*** Opening of Information shown ***

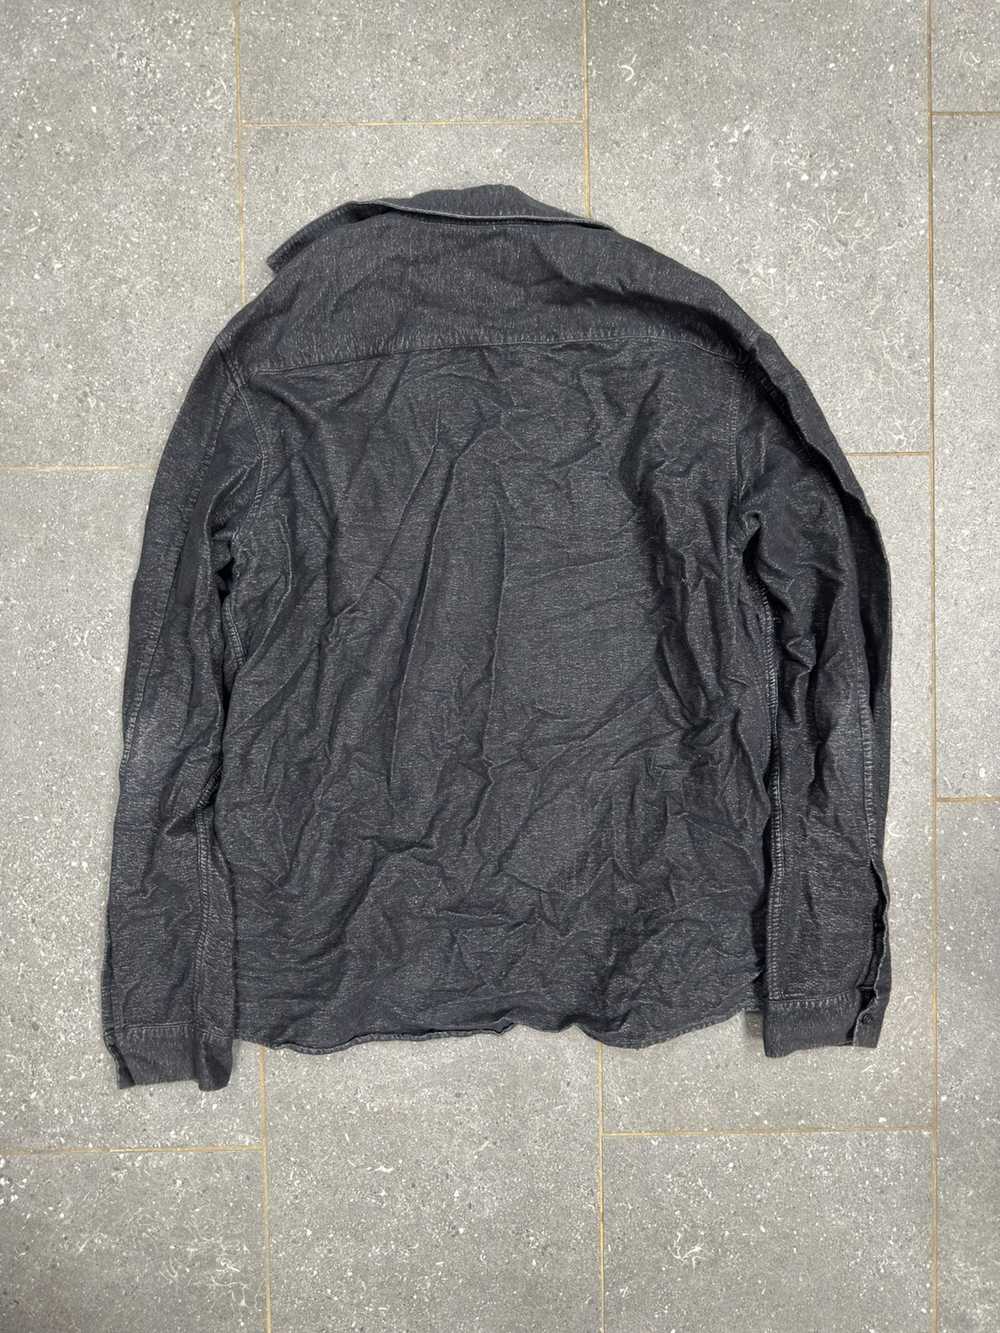 Cos Cos Flannel Black Shirt, L - image 4
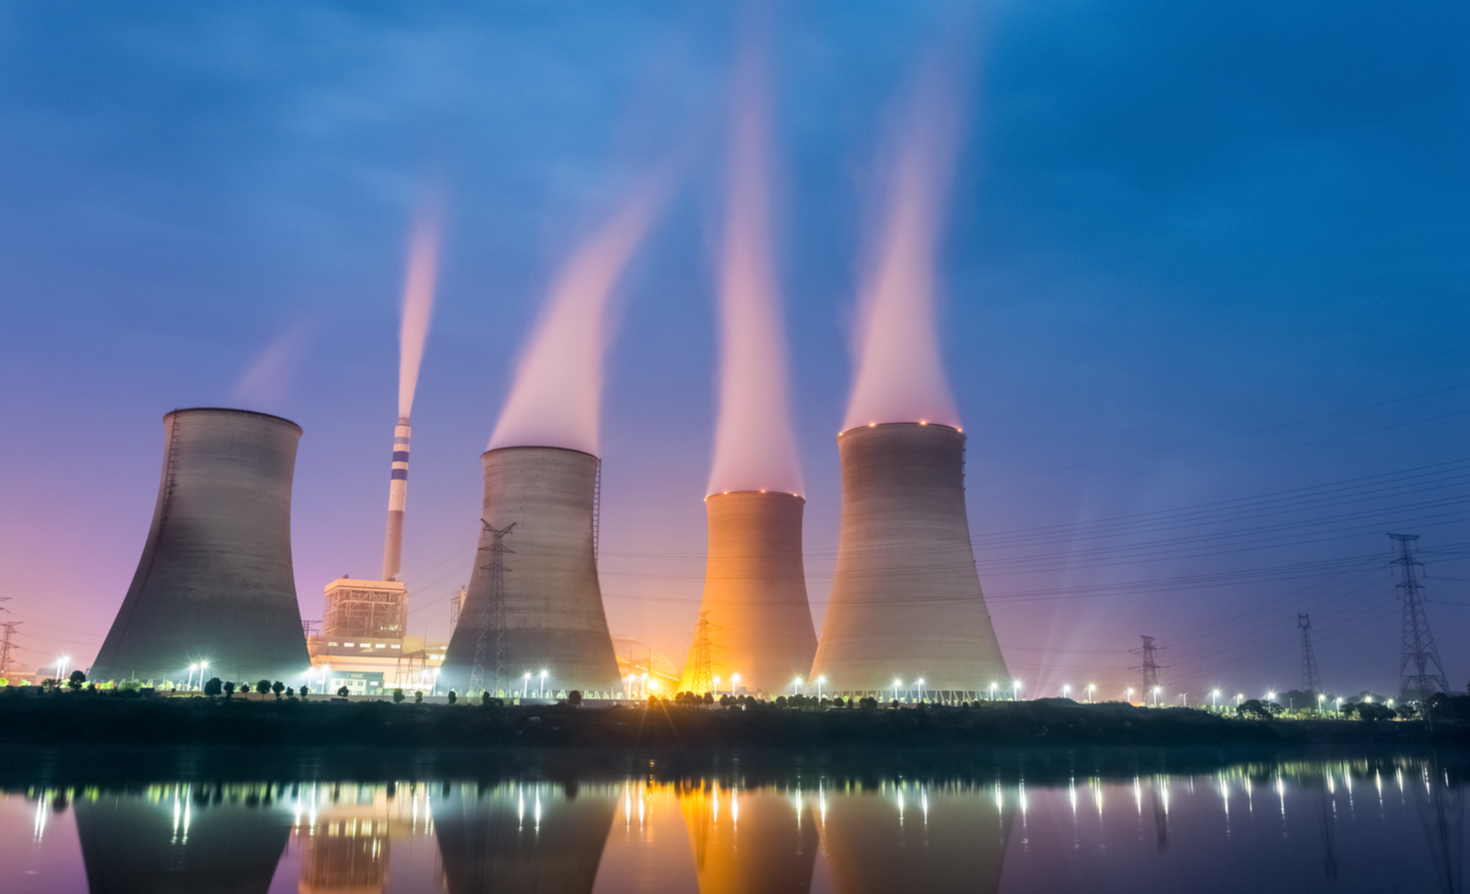 परमाणु ऊर्जा पर जाने से घरों और उद्योगों के लिए बिजली की कीमतें कैसे प्रभावित होंगी?
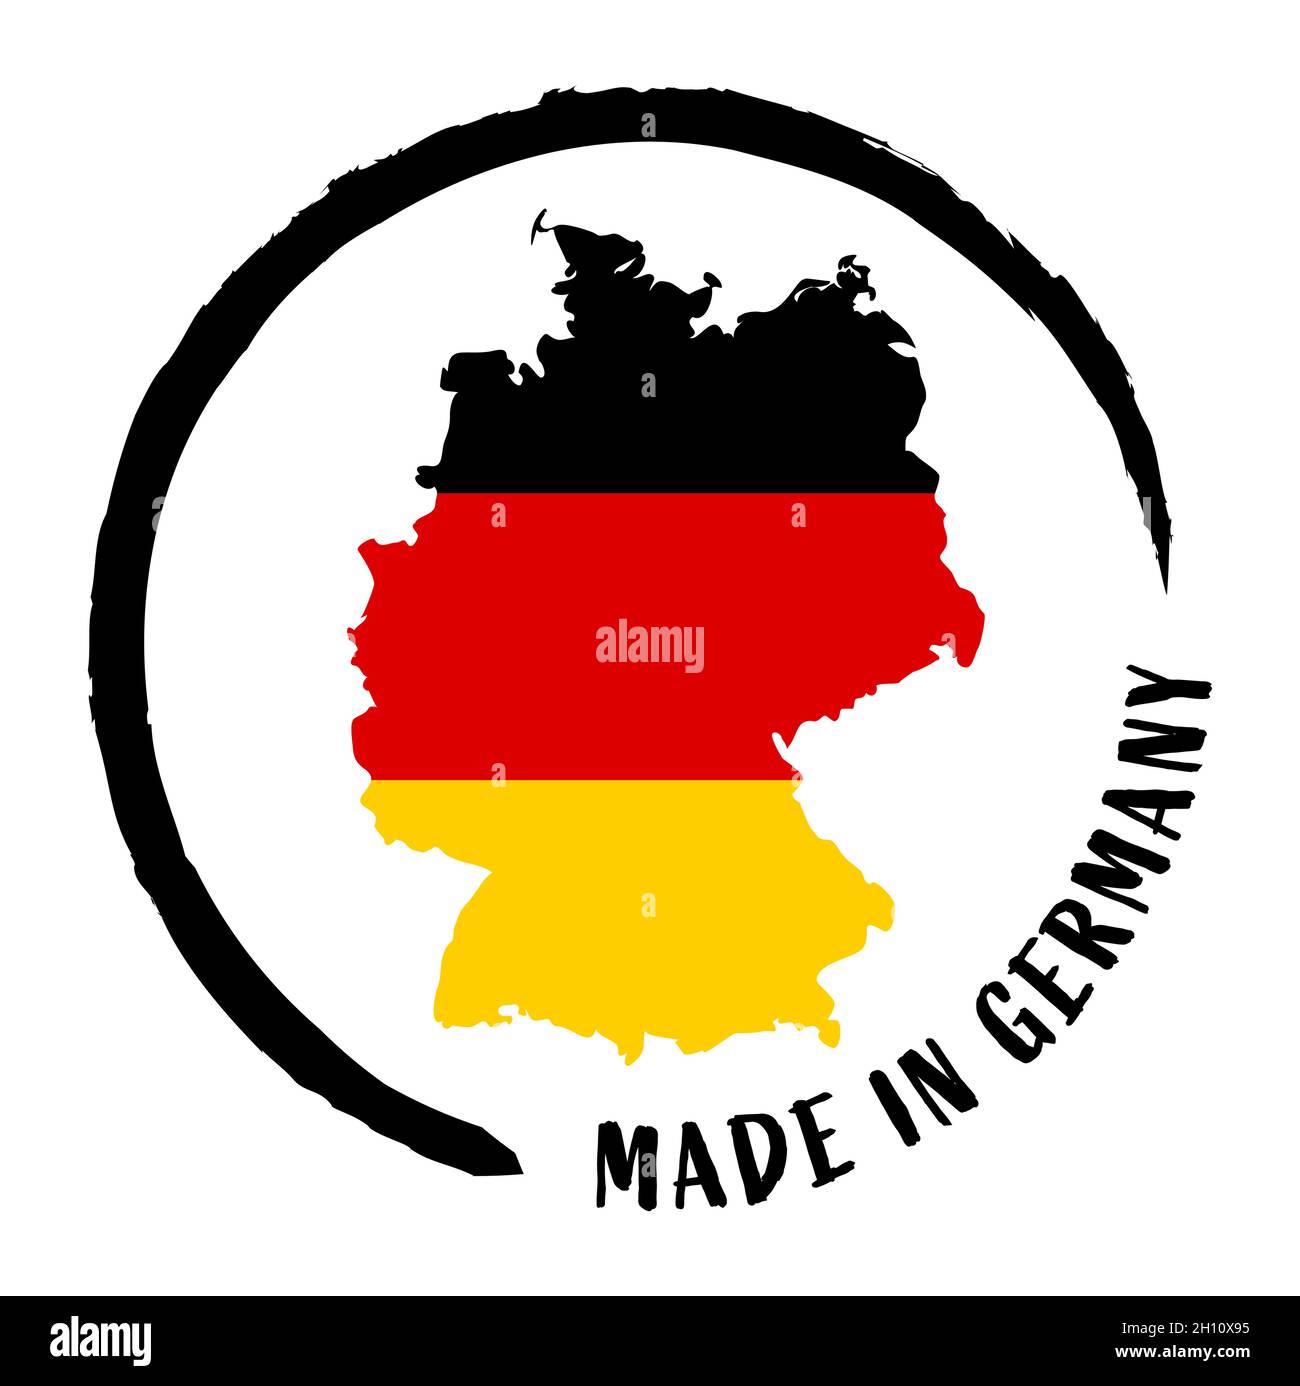 eps-Vektordatei mit Business-Stempel, runder Patch 'Made in Germany' mit Silhouette von deutschland und nationalen Farben Stock Vektor

*** Close of Information shown ***

**Exercise description**
In the reply, every line of the material above is to be reproduced verbatim, and the images are to be left out.

**Your solution**
 Cos Cos Flannel Black Shirt, L - image 4
 परमाणु ऊर्जा पर जाने से घरों और उद्योगों के लिए बिजली की कीमतें कैसे प्रभावित होंगी?
 eps-Vektordatei mit Business-Stempel, runder Patch 'Made in Germany' mit Silhouette von deutschland und nationalen Farben Stock Vektor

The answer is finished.